Сказка для взрослой девочки | страница 43
Мужчина перевернулся, глядя на темное, с редкими облаками, небо. Сегодня оно словно по-особенному звездное. Когда он последний раз просто лежал и смотрел вверх? Высота для него – дом родной, некогда всматриваться в то, что с пеленок знакомо. А поди ж ты, охота лежать, смотреть и слушать мерное дыхание рядом.
Думы вновь возвратились к женщине. Что с ней делать, кто поведает? Боги, может, вы? Но они, как всегда, безмолвствовали, предоставляя ему самому решать проблемы. Вот только как это возможно, коль разум говорит одно, а тело – другое?
А, может, и не тело. Соловей, полагая, что жажда обладания исчезнет, как только он получит свое, с сомнением внимал слабому пока голосу сердца. Оно у него есть, что бы ни говорили в Киеве или Чернигове. Пущай так и думают, проще жить. Но вот оно проснулось, дремавшее последние десятки лет, и чего-то мыслит, просит, мечется. Делает его слабым, удобным для ворога. Это опасно. Ни одна душа на этой земле и соседних не должна вызнать, что на самом деле у Соловья-разбойника в груди не камень, требующий кровавых жертв. Нельзя!
Лиза простонала и перевернулась на спину, скинув одеяло. Он оглядел полушария грудей с темными сосками. Проклятье! Решение, только что принятое им через силу, летело к бесам, как только увидел эту нежную молочную кожу, сейчас ставшую похожей на гусиную. Замерзла! Он протянул руку и накрыл ее одеялом до самого подбородка, подоткнув с обеих сторон. Ему холод не страшен. Сейчас – даже полезен.

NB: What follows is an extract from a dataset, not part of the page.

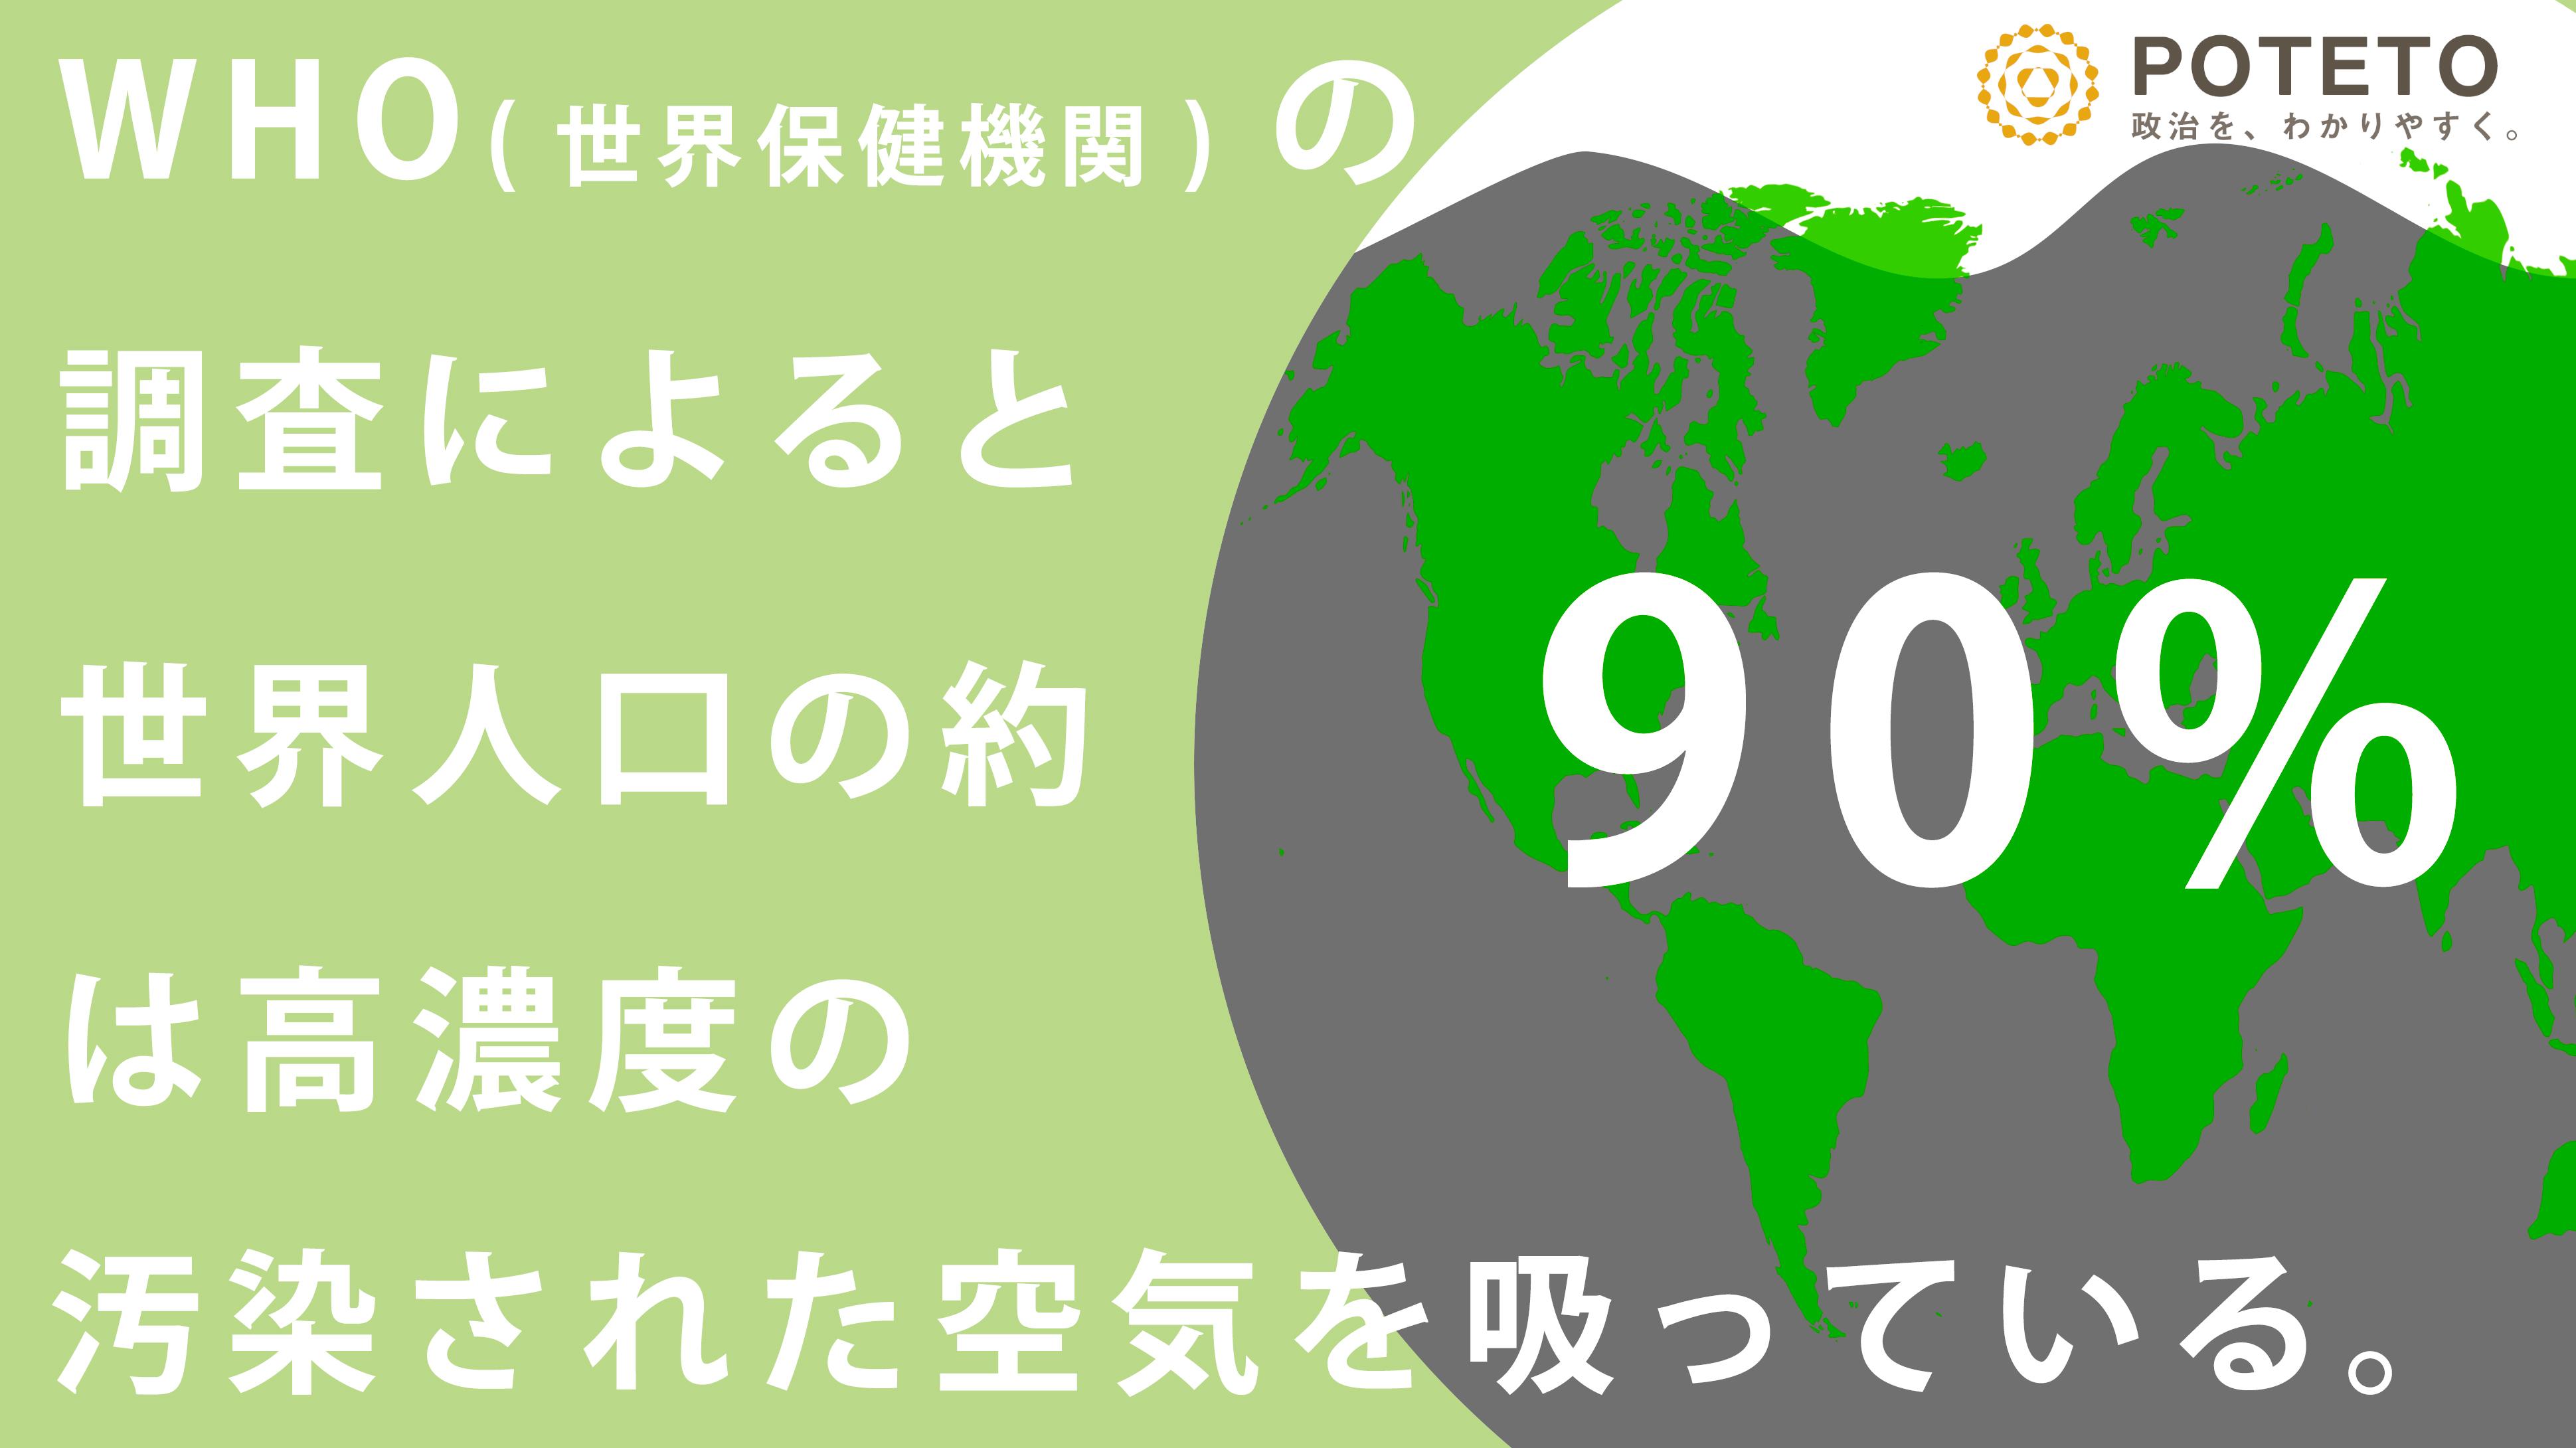 airpolution2 - 【特集】世界の9割が大気汚染⁈<br>今そこにある、「空気」の危機とは?

Поднявшись, он обернулся птицей и взлетел. До утра ему нужно успеть проведать своих. Есть раненные, один проткнут копьем, другой лишился кисти. Его братья дали сельчанам достойный отпор. Да вот только сельчане ли то были?
Верный Ярополк, сидевший у костра, усмехнулся, глядя на приближающегося к нему главаря.
– Здрав буди. Не спится?
Соловей махнул рукой.
– Есть новости?
– А то! Лазутчиков изловили. Живьем! Токмо на кой ляд тут шарились – непонятно. Молчат и крестятся.
– Веди.
В яме, выкопанной специально для пленников, сидели двое. Кажись, местные, но кто их разберет. Бывало, приходилось казнить воев из самого Киева. Он присел на корточки, глядя на дно глубокой, в три аршина, траншеи.
– Чьи будете?
– Пошел прочь!
– Эээ, нет, это вам придется идти, куда я скажу и когда я скажу…если вообще это место покинете. Чего вам здесь надобно?
Он спрашивал тихо, даже улыбался уголками губ, прекрасно зная, что выходит не улыбка – оскал, который наводит на сельчан вящий ужас. Так и сейчас, мужики затрясли бородами до пупов, отползая к дальней стенке ямы.